What’s my motivation?

My wife taught me this one. She uses it a lot in business meetings, but it works just as well in lectures, one-to-ones, or any other situation where we are listening to someone else speak.

The challenge is that most people will listen to what the other person has to say — and that’s all. Now, do’t get me wrong, we should definitely have our ears open to the content of the other person’s discourse. To be truly great networkers, though, we need to go beyond just the words and listen for the reasons behind what they are saying, because that’s where the real person lives.

So, they’re telling us about a new product that their company is marketing. Great! This is good information. Now, why are they telling us about this? Are they trying to understand their target market? Do they need reassurance that the product is valuable? Are they looking for a referral? For what? Are they looking for clients or business partners? Do they need an introduction to someone who can help out in any of these areas?
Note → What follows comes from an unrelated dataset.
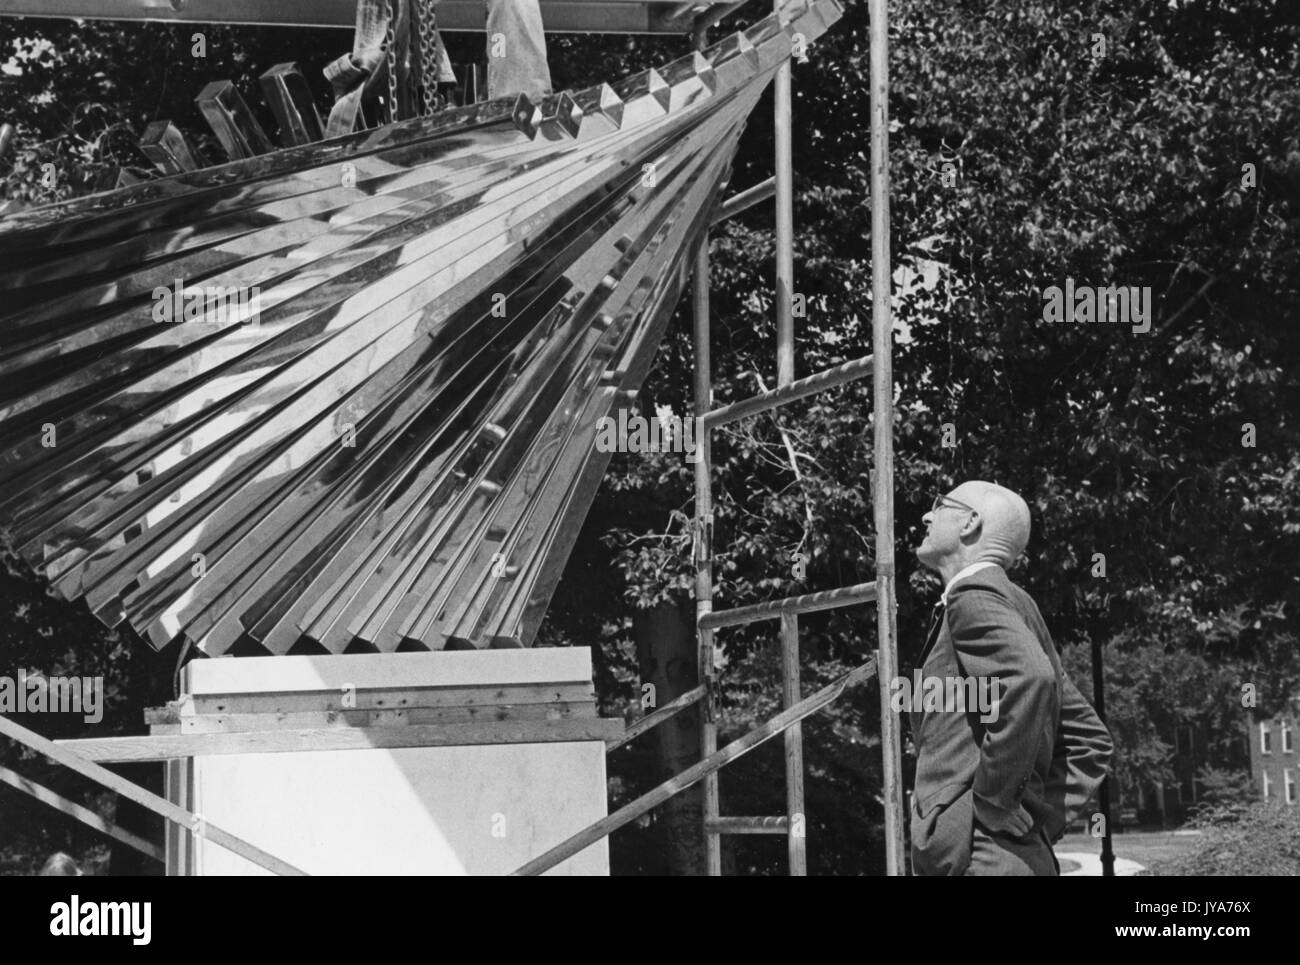 Un onlooker esamina la scultura centenaria, creata dallo scultore David Brown per celebrare il centesimo anniversario della fondazione della Johns Hopkins University, che sarà rivelata nel campus di Homewood dell'Università di Baltimora, Maryland. 1976. Foto Stock

Of course, since we aren’t The Amazing Kreskin, we should go beyond attempting just to intuit their underlying motivation. Instead we should actually question them about it. If we think they are trying to hash out their target market, we might be able to help them along by just asking who would benefit from such a product or to whom they would prefer to sell it. If we think they are looking for reassurance, we might ask about people who love the product already.

If we show a level of interest beyond simply information gathering — if we ask about more than the product — then they will know that we care about them and their success. We are genuinely interested in them and aren’t merely waiting for them to stop talking.

And when we show that level of care, we shouldn’t be surprised when they respond with a similar level of interest and respect.